If Picasso's Guernica was the 20th century's most famous and embattled painting, Bilbao's Guggenheim may be the most celebrated building of all time. Described by Spanish novelist Manuel Vazquez Montalban as a "meteorite," this eruption of light and titanium paradoxically stationed in Bilbao's muscular industrial context has reinvented this city.
Perennially chided as the barrio industrial (industrial quarter) in contrast to San Sebastián's barrio jardín (garden quarter), Bilbao has long been perceived as a polluted steel and shipbuilding center by the foul-smelling Nervión estuary.
The Guggenheim has changed all that. Frank Gehry's gleaming brainchild, alternately hailed as "the greatest building of our time" (architect Philip Johnson), "the best building of the 20th century" (Spain's King Juan Carlos), and "a miracle" (Herbert Muschamp, New York Times), has sparked a renaissance in the Basque country. In its first year, the Guggenheim attracted 1.4 million visitors, three times the number expected and more than what both Guggenheim museums in New York received together in the same period. Revenue in the first year alone exceeded the original investment. Incredibly, the Guggenheim already holds the Spanish record for single-day visits to a museum (9,300), and the crowds are not diminishing.
The museum itself is as superlative as the hoopla suggests. Gehry's quasi-mechanical tour de force provides an ideal context for the postmodern and futuristic artworks it contains. The smoothly rounded, asymmetrical, ship's-prow-like amalgam of limestone, glass, and titanium ingeniously recalls Bilbao's shipbuilding and steel-manufacturing past while using transparency and reflective materials to create a shimmering, futuristic luminosity. The final section of the Nervión's La Salve bridge is almost part of the structure, rendering the Guggenheim the virtual doorway to Bilbao.

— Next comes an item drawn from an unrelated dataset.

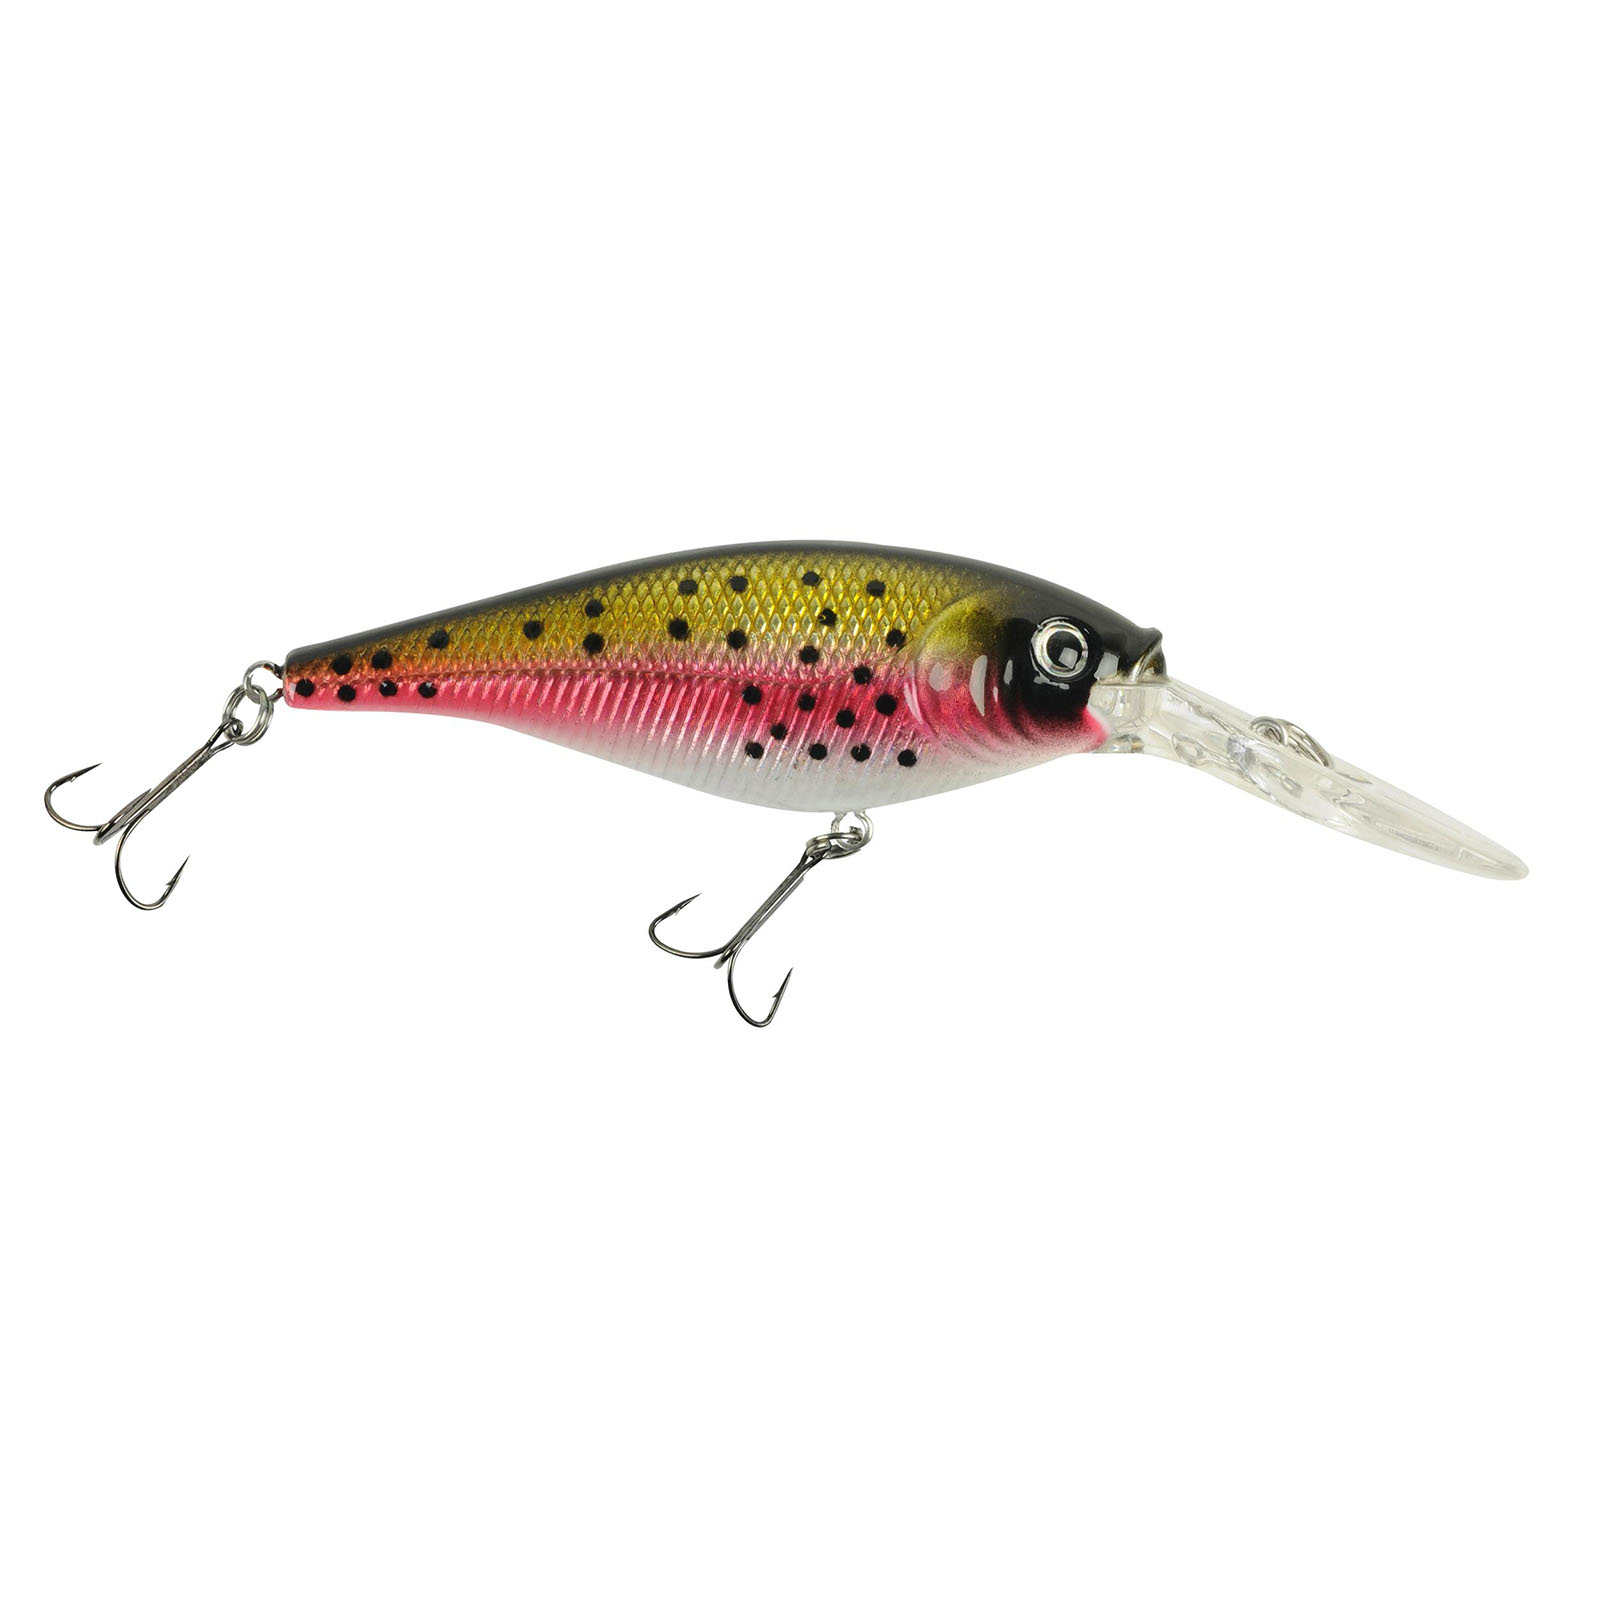 Flicker Shad 7 Shallow Chartreuse Pearl 3-6' - Zone Chasse et Pêche /  Ecotone Val-d'Or

The collection, described by director Thomas Krens as "a daring history of the art of the 20th century," consists of 242 works, 186 from New York's Guggenheim and 50 acquired by the Basque government. Artists whose names are synonymous with the 20th century (Kandinsky, Picasso, Ernst, Braque, Miró, Calder, Malevich) and particularly artists of the '50s and '60s (Pollock, Rothko, De Kooning, Chillida, Tàpies, Iglesias) are joined by contemporary figures (Nauman, Muñoz, Schnabel, Badiola, Barceló, Basquiat). The ground floor is dedicated to large-format and installation work, some of which -- like Richard Serra's Serpent -- was created specifically for the space it occupies. Claes Oldenburg's Knife Ship, Robert Morris's walk-in Labyrinth, and pieces by Beuys, Boltansky, Long, Holzer, and others round out the heavyweight division in and around what is now the largest gallery in the world.